7

I am curious what everyone's thoughts are on the following problem I found in a middle school textbook I am teaching out of. The chapter is on biased and unbiased data samples. Here is the question:

To find how much money the average American family spends to cool their home, 100 Alaskan families are surveyed at random. Of these families, 85 said they spend less than 75 dollars per month on cooling. The researcher concluded that the average American family spends less than 75 dollars on cooling per month. Is the conclusion valid?

The book states that it is valid because it is a simple, random sample. I would say otherwise considering they surveyed Alaskans and made a generalization about the whole nation. If you were given the options of unbiased simple, random sample, systematic unbiased sample, biased convenience sample, and biased voluntary sample, which would say is a better answer? I'm thinking a convenience sample.

K Math
  • 1,245
  • 1
  • 11
  • 21
  • The question specifically says that it's a random sample, though. You are however correct that it's biased because Alaska isn't representative of the entire United States. – Michael McGovern Apr 11 '18 at 00:08
  • 2
    I don't know anything about statistics, but the problem seems to be set up to say the opposite. If I were to try to demonstrate biased data samples, I think surveying Alaskans on cooling costs would be a great example. – TeaFor2 Apr 11 '18 at 00:08
  • I would also have to say that this would be a convenience sample, but tbh, I'm not sure there's enough information to reach a definite conclusion. – supersmarty1234 Apr 11 '18 at 00:08
  • There are multiple issues here. First of all, the sample size is $100$, so a single survey out of these sample does not represent the entire survey. Second of all, the families surveyed are Alaskan, and the assertion that "cooling spending in Alaskan families represent cooling spending in American families" is needed to apply the result to an average American family. – Frenzy Li Apr 11 '18 at 00:10
  • The fact that they only surveyed Alaskans about their cooling costs is a hilarious error. Wow. What textbook is this? – littleO Apr 11 '18 at 00:37
  • It does get really warm in the Panhandle. – Michael McGovern Apr 11 '18 at 00:42

2 Answers2

3

You are right.

A simple random sample is a subset of the population chosen so that each member of the population has the same probability of being in the sample. It is clearly stated that the population here is the set of American families, while it seems that the sample was chosen from Alaskan families. If this is the case, then for any American family that isn't Alaskan, the chance of them being in the sample is 0, while for a family which was picked, the chance was (obviously) nonzero. Thus, it would not be a simple random sample.

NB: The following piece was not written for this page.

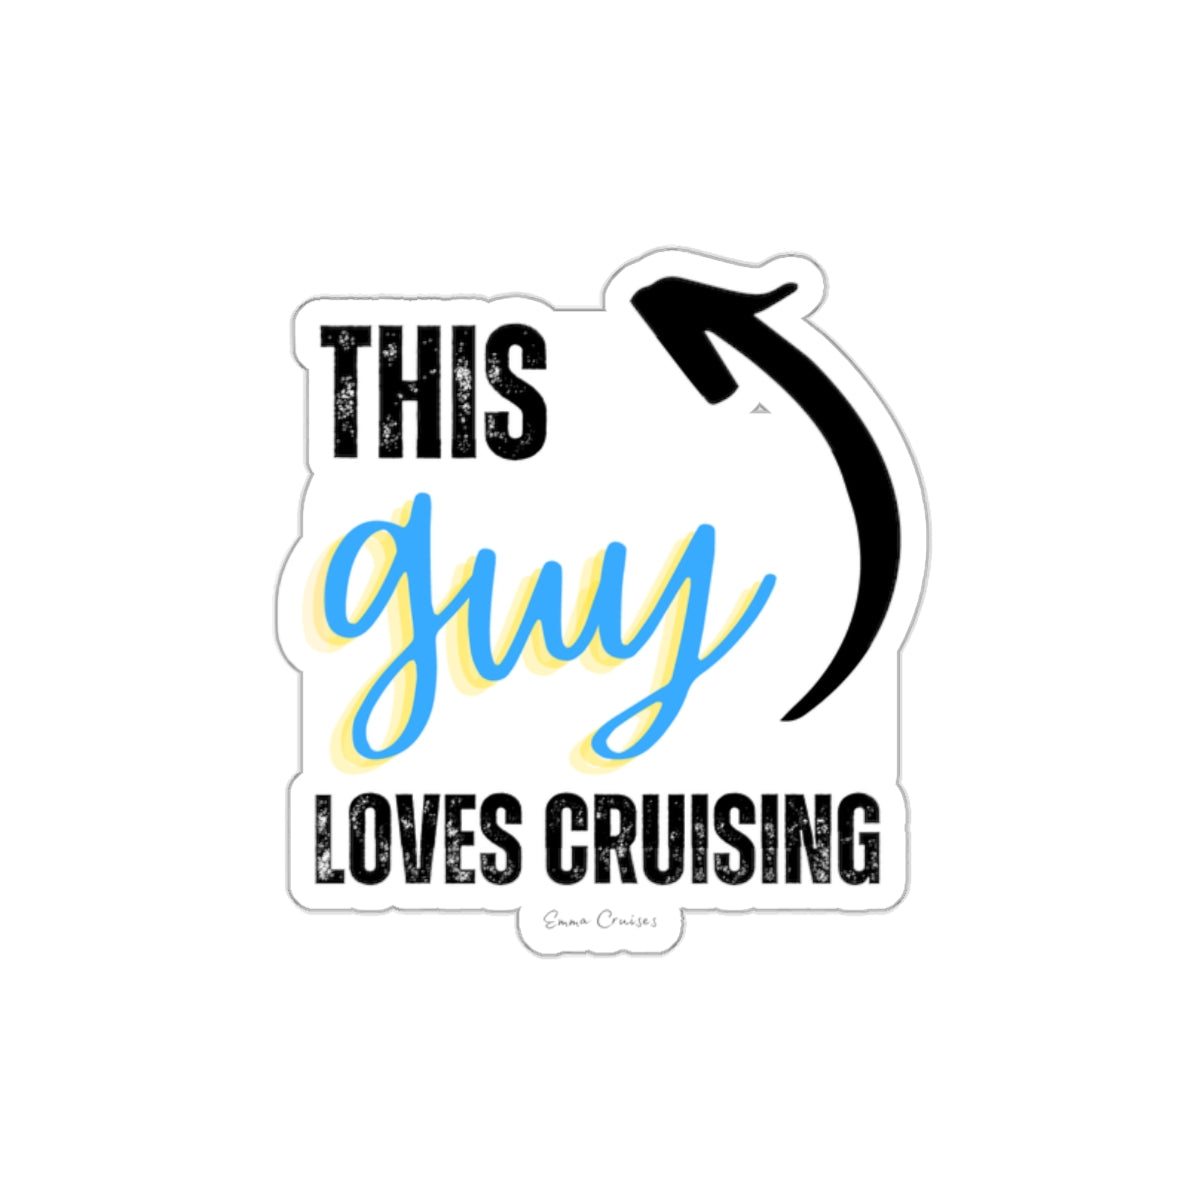 This Guy Loves Cruising - Die-Cut Sticker

However, if the statement that they were chosen randomly means that everyone had an equal chance of being in the sample, but it happened to be the case that all 100 families chosen were Alaskan, then it would in fact be a simple random sample.

A simple random sample is not inherently biased (if everyone has the same chance of being in the sample, how could it be?). However, it is simply a method of choosing who will be in the sample, and not how the sample itself is taken. Is it an optional anonymous survey? Are they asked in public, in front of friends and/or family? For this reason, being a simple random sample does not guarantee that it is an unbiased sample.

Lastly, this should be a lesson as to the downsides of SRS. However unlikely, there is always the possibility of a fluke like this, where everyone or most people in the sample have some similar trait which could be a lurking variable for the parameter being studied. If we suspect that different subsets of the population will have different answers inherent to their age, sex, location, race, religion, ethnicity, etc, then we would be better off using a sampling scheme which dealt with each group separately. Otherwise, we could simply increase the sample size to a significant multiple of the number of groups to increase the chances of each group having some representation in the sample.

Statistics is not an exact science, and nothing gained from a statistical study or experiment is ever "fact". We determine the validity in the context of the problem we are trying to solve and the probability of getting such a sample. Sometime, we just get extremely rare samples, and blindly calling them valid simply because they pass some mathematical test with arbitrary requirements is missing the point entirely.

Alex Jones
  • 8,990
  • 13
  • 31
2

The question specifically says that the sample is a random sample. However, the problem is that it is a sample of alaskans, and, regardless of weather it is representative of alaskans, it is certainly not representative of all Americans.